We've got our set of natural numbers $\mathbb{N} = \{ 0, 1, 2, \dots \}$. And then we've got some other random set $a$. Now we can talk about functions from $\mathbb{N}$ to $a$. We can imagine the collection of all such functions, and we call said collection $a^{\mathbb{N}}$. If $f\in a^{\mathbb{N}}$, then $f$ inputs natural numbers $n$, and outputs something $f(n) \in a$.

Next, we can think about these sort of monster functions, which eat up entire functions as input (i.e. their inputs are not merely numbers, but entire functions), and spit out entire functions. We're interested now in talking about monsters $\phi$ which input elements in $a^{\mathbb{N}}$ and output elements in $a^{\mathbb{N}}$.

$$\phi \in \left(a^{\mathbb{N}}\right)^{a^{\mathbb{N}}}$$

or, equivalently:

$$\phi : a^{\mathbb{N}} \to a^{\mathbb{N}}$$

But we're not interested in any old $\phi$. We're only interested in a certain kind of $\phi$, those that have a certain nice property. The Recursion Theorem says that if $\phi$ is any monster which has some particular nice property, then $\phi$ has a "fixed point," namely some input $f$ such that $\phi(f) = f$.

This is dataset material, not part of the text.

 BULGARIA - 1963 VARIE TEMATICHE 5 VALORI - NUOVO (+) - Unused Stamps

$$\forall \phi \in \left(a^{\mathbb{N}}\right)^{a^{\mathbb{N}}}\ \ \left(\phi\mbox{ nice }\Rightarrow \exists f \in a^{\mathbb{N}} : \phi(f) = f\right)$$

The first question is, what is this "nice property?" We'll say $\phi$ is nice if for any two functions $f,g\in a^{\mathbb{N}}$, if it so happens that for some $n\in\mathbb{N}$

$$f(0) = g(0), f(1) = g(1), \dots, f(n-1) = g(n-1)$$

(i.e. $f$ and $g$ "agree up to $n$") then when the monster eats up $f$ and $g$, the resulting functions it spits out "agree at $n$), i.e. $\phi(f) (n) = \phi(g) (n)$.

Definition: For $\phi : a^{\mathbb{N}} \to a^{\mathbb{N}}$, we say $\phi$ is "nice" iff:

$$\forall f,g\in a^{\mathbb{N}} \forall n \in \mathbb{N} \left [\left(f(0) = g(0), \dots , f(n-1) = g(n-1)\right) \Rightarrow \phi(f) (n) = \phi(g) (n)\right]$$

There will be infinitely many nice monsters, and infinitely many not-nice monsters (assuming $|a|>1$).

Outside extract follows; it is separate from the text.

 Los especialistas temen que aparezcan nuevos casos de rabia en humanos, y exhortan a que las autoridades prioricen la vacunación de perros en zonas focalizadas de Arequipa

Again, let me stop here and make sure you've understood all this correctly before I go on and explain the proof of the theorem. There's a lot more to say about better ways to understand functions $\mathbb{N} \to a$, better way to understand nice monsters $a^{\mathbb{N}} \to a^{\mathbb{N}}$, and understanding how the Recursion Theorem justifies the process of "defining functions by recursion" (e.g. you could define the Fibonacci function by $f(0) = 0, f(1) = 1, f(n+2) = f(n+1) + f(n)$, but how do you know there exists a unique function satisfying this definition? It seems obvious, but the rigorous answer is: The Recursion Theorem). But let's make sure we're on the same page with the basics first.

 

[martijnh]

Thank you very much for this lucid explanation, I wish my textbook was that clear!

I still wonder about the proof and the practical usefullness of the theorem though!

PS: I did not mention $\phi$ in my previous post as I thought Steve suggested I should look at it in a simplified way; Where $\phi$ would be analogous to a function $\mathbb{N}$ $\rightarrow$ $\mathbb{N}$ and the input functions f & g analogous to elements of $\mathbb{N}$ (so comparing the construct to a regular function). But I now understand the gist of the recusrsion theorem to be about a property of functions.